MacPro, 3.0GHz Intel Core 2 Duo, 4GB, MacOS 10.4.9 [4]: 1.25404
AMD Athlon 64 FX-74, 3.0GHz Socket F (1207 FX) DSDC, Windows [5]: 1.14464
iMac, 2.33GHz Intel Core 2 Duo, 3GB, MacOS 10.4.9 [2]: 1.00338
MacBook Pro, 2.33GHz Intel Core 2 Duo, 2 GB RAM, MacOS X 10.4.9 [1]: 1.00105
MacBook, 2GHz Intel Core Duo, 2GB, MacOS 10.4.9 [3]: 0.537151
MacBook, 2GHz Intel Core 2 Duo, 2GB, MacOS 10.4.10 [6]: 0.880472
Apple PowerBook G4, 867 MHz, 640 MB RAM, Mac OS 10.4.10 [7]: 0.127736

Detailed test results



Following calculations are performed

  1. Timing[N[Pi, 5000000]]][[1]]
  2. Timing[N[Sin[1/2], 3000000]][[1]]
  3. Timing[10000000!][[1]]
  4. Timing[FactorInteger[2^256 - 1]][[1]]

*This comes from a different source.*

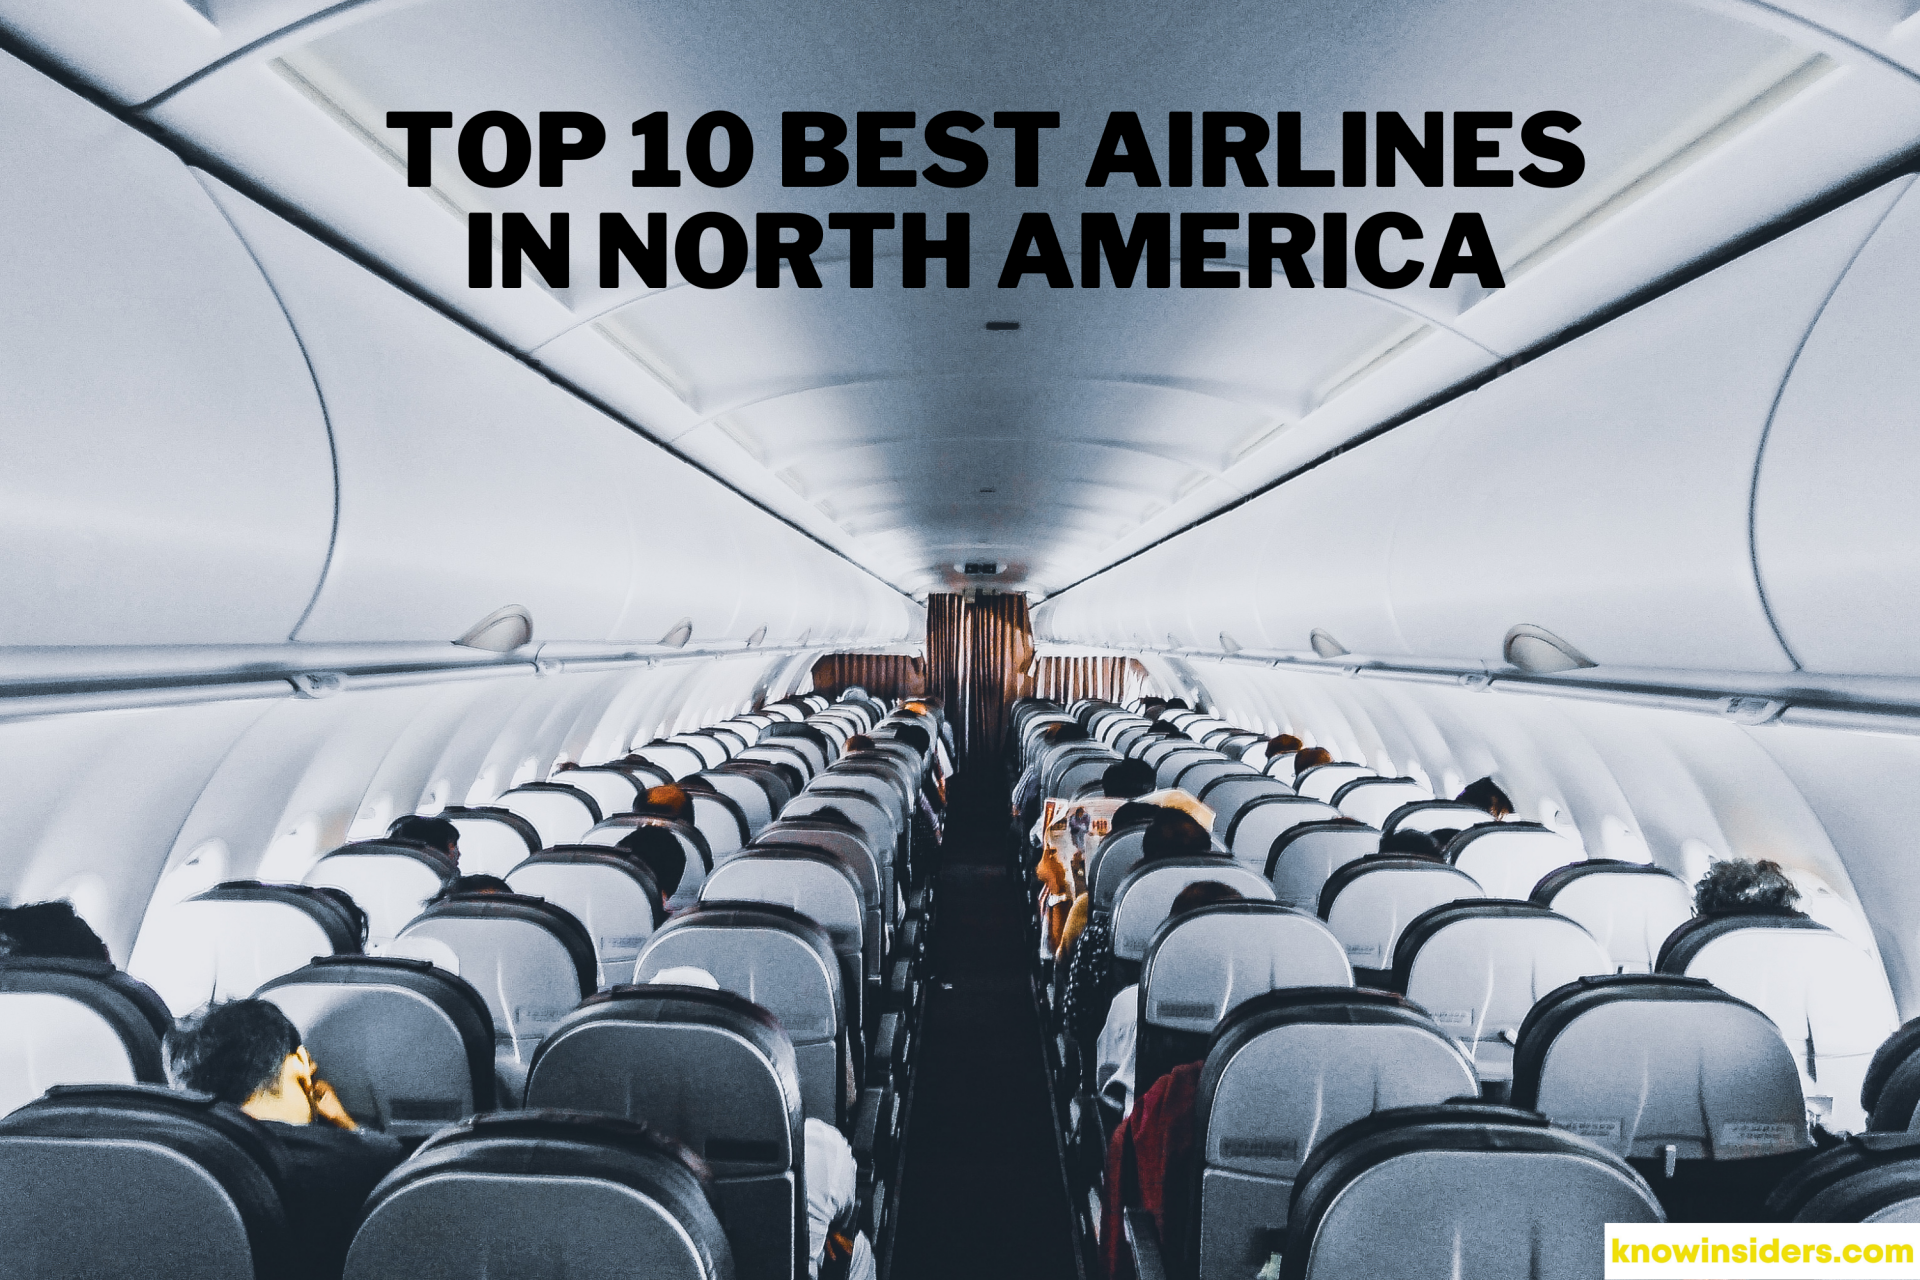 Top 10 Best Airlines In North America - Skytrax

  5. Timing[PrimeQ[2^19937 - 1]][[1]]
  6. Timing[Eigenvalues[Table[Random[], {1200}, {1200}]]][[1]]
  7. Timing[Nest[f, 0.6, 6000000]][[1]]
  8. Timing[Nest[g, 2, 16000]][[1]]
  9. Timing[Table[Together[c[k]], {k, 4, 24}]][[1]]

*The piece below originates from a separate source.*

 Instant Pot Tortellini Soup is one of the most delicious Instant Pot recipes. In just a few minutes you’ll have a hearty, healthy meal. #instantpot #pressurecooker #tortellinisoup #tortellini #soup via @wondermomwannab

  10. Timing[Integrate[1/(1 + x^1005), x]][[1]]
  11. Timing[Table[N[WeierstrassP[n, {1, 1}]], {n, 40000}]][[1]]
  12. Timing[Table[a[n], {n, 0, 15}]][[1]]/a>
  13. Timing[Table[HermiteH[n, z], {n, 1500}]][[1]]
  14. Timing[ Sum[Binomial[m, k], {k, 0, 10000000}]][[1]]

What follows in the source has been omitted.